Lebanon may be a small player in the Middle East, but it has long served as battle arena for the region's heavyweights. Syria, Iran, Saudi Arabia and Israel, along with the United States and France, have all battled for supremacy on its soil. As the Middle East realigns itself in the wake of serial revolutions, many actors will be eyeing Lebanon's war-prone sectarian militias once again. Mikati, who like the Hariris is a Sunni from Tripoli, is viewed with distrust by many who feel he betrayed his constituency when he joined hands with Shi'ite Hizballah. His oft-repeated assurances that he wants what is best for Lebanon along with his vague stance on the STL have won him grudging support, at least temporarily. "At the moment, Mikati has calmed the waters," says Paul Salem, director of the Beirut-based Carnegie Middle East Center. "If he can keep Lebanon on course we have a real chance at continued stability. But there is a mine ahead: the STL indictments. Is it going to be huge? We don't know."

For Hizballah, the solution is simple: Disavow the tribunal. When it was first formed by the U.N. Security Council in 2007, the tribunal was welcomed by all Lebanese parties. Then, it was widely assumed that Syria, which had maintained a military presence in the country since the beginning of the civil war in 1975, would be found at fault. But a series of high profile resignations, media leaks and the near certainty that Hizballah would be fingered in some way has drawn condemnation from the group, which now denounces the tribunal as a tool of the United States and Israel and has demanded that the Lebanese government end its cooperation.

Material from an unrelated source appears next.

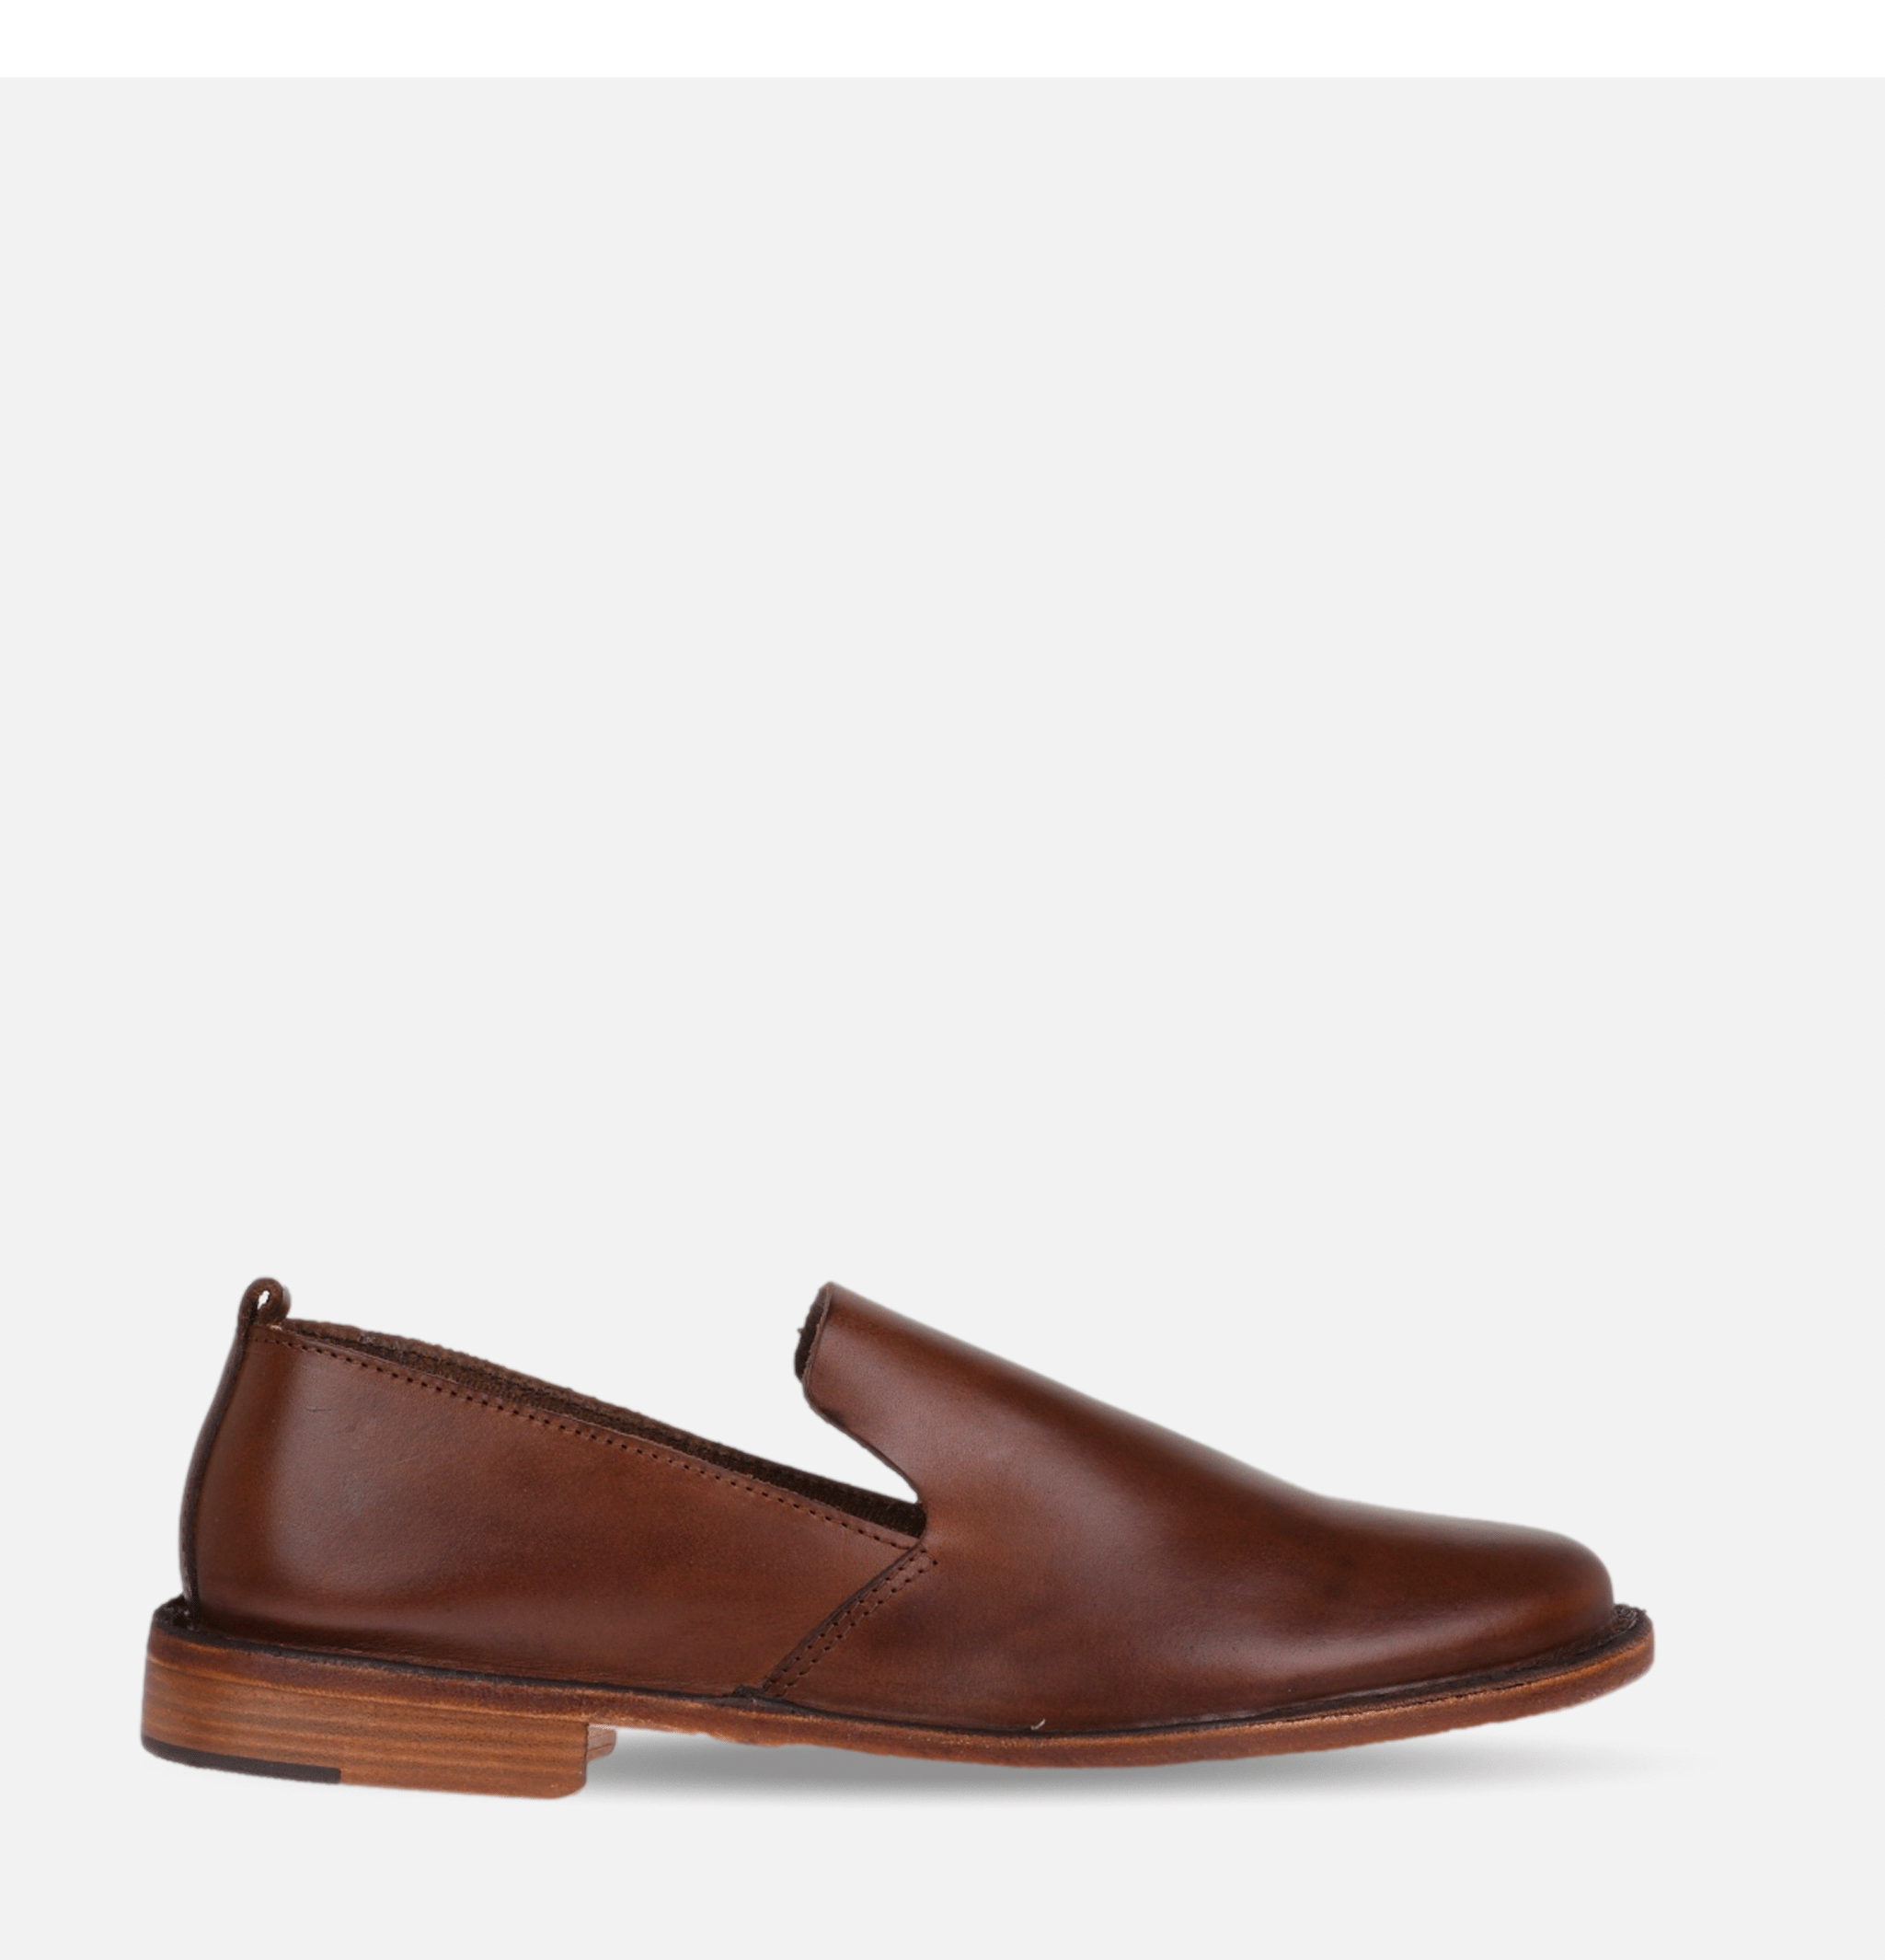 Puntoflex Shoes Brown

Though the tribunal's leadership has offered no details of the investigation, rumors abound that conclusions may be in part based on evidence gathered from a telecommunications network that Hizballah claims has been compromised by Israeli agents. "We all want to know who killed Hariri," says Omar Nashabe, an outspoken and independent journalist who has been covering the tribunal since its inception for the Lebanese daily Al-Akhbar, of which Mikati is a major shareholder. "But all these elements make me think that the tribunal is not functioning according to the highest standards of international criminal justice, and is instead functioning to serve the interests of the western powers that created it."